Tears don’t come. They never do. She’s never been a crier. How she hated the sobs in the group home. With the little kids, okay, but the teens should’ve been able to clamp it down. She has nothing to cry about anyway. She doesn’t know if her father hit her mother. She doesn’t know if he was in her mother’s life, or a one-night stand, or a rapist. She has no idea what he was to her—which means he is a nonentity to Brooke.

“I read a lot of true crime,” she says. “I know there are some people who walk this earth . . . well, let me ask you this. Have you ever been the victim of a crime?”

“No, other than having my swim goggles stolen out of my car once. What about you?”

She could kill herself for directing the conversation exactly where she didn’t want it to go. This was the question she’s spent years dancing around, maneuvering ways to not talk about her past. And she led him straight to it.

“No. I’ve been lucky.”

“I’m glad to hear it. So, you were making a point?”
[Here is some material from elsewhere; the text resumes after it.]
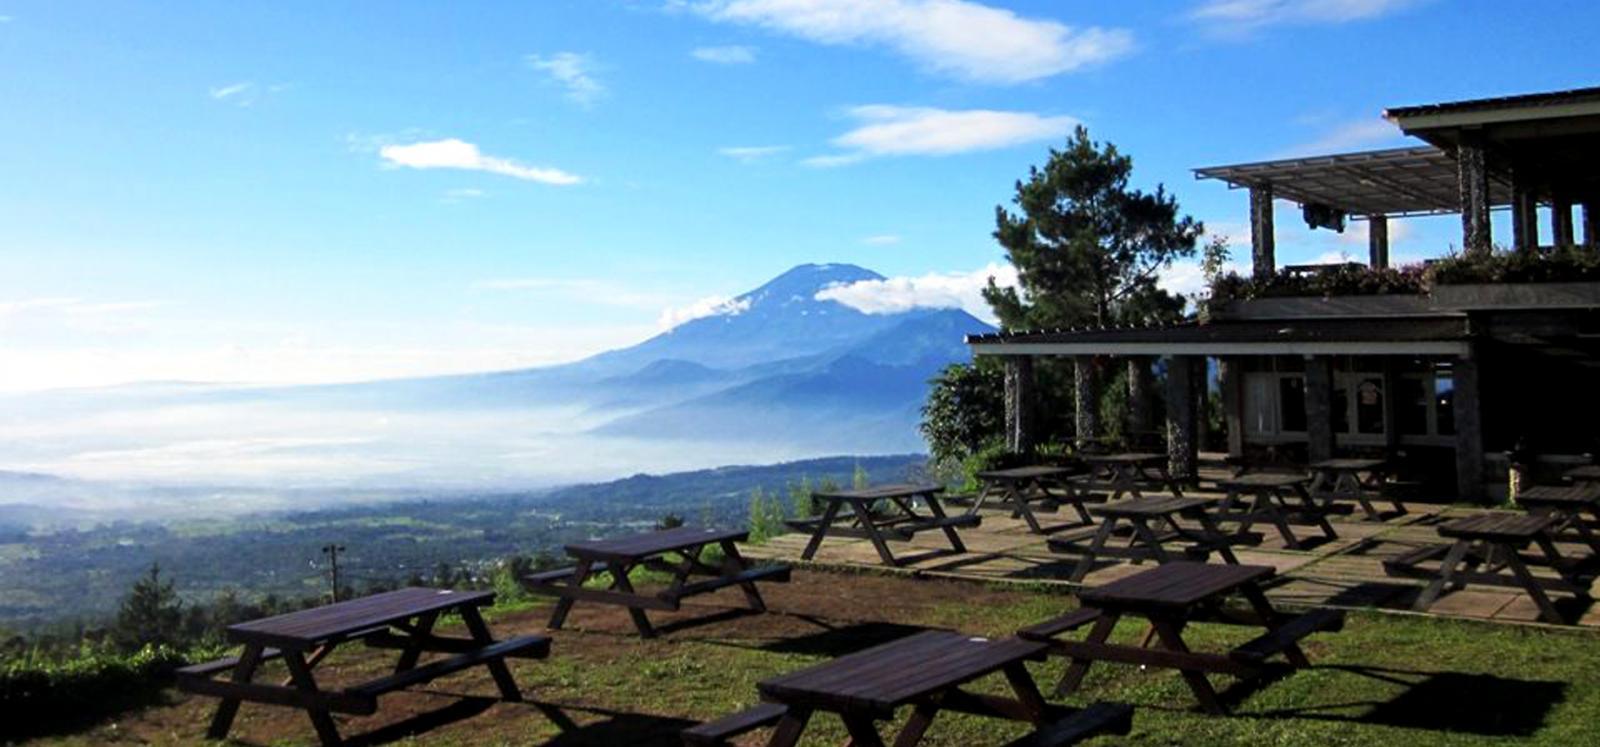 resorts in umbul sidomukti for honeymooners

“I just . . . I’ve read so much. I’ve thought about it a lot.”

“And?”

“It seems so clear that there are some people who can’t be rehabilitated.”

“I respectfully disagree,” he says. “I just took over a case from one of the older attorneys in our firm. I worked hard with the client for his parole hearing, and it was invigorating to see what I could do for him. He was young and stupid when he committed his crime, and now he can rejoin society as a productive member.”

She looks Anthony straight in the eyes and a wash of blackness pulls at her skull from inside. He’s so nice. He’s handsome. He’s doing what he thinks is right. And she’d love to go home with him and feel his skin under her palms and his taste on her tongue, but it just isn’t happening.

They’re so close to the burger place she can smell the fries in their oil from the exhaust fan on the roof.

“I feel awful saying this, but I just got hit by the worst headache,” she says.

She sees by his face that he gets it instantly. All that pressure, all that build-up, released in a second. There will be no dinner, no seduction. Her past has gotten in the way of enjoying things, once again. For him, their discussion was probably light and interesting; for her, it was like digging a nail into a paper cut.

His eyes search her face, and his shoulders slump almost infinitesimally.

“Let me walk you back,” he says. “I don’t want you to run into someone who’ll make blood drip off your elbows.”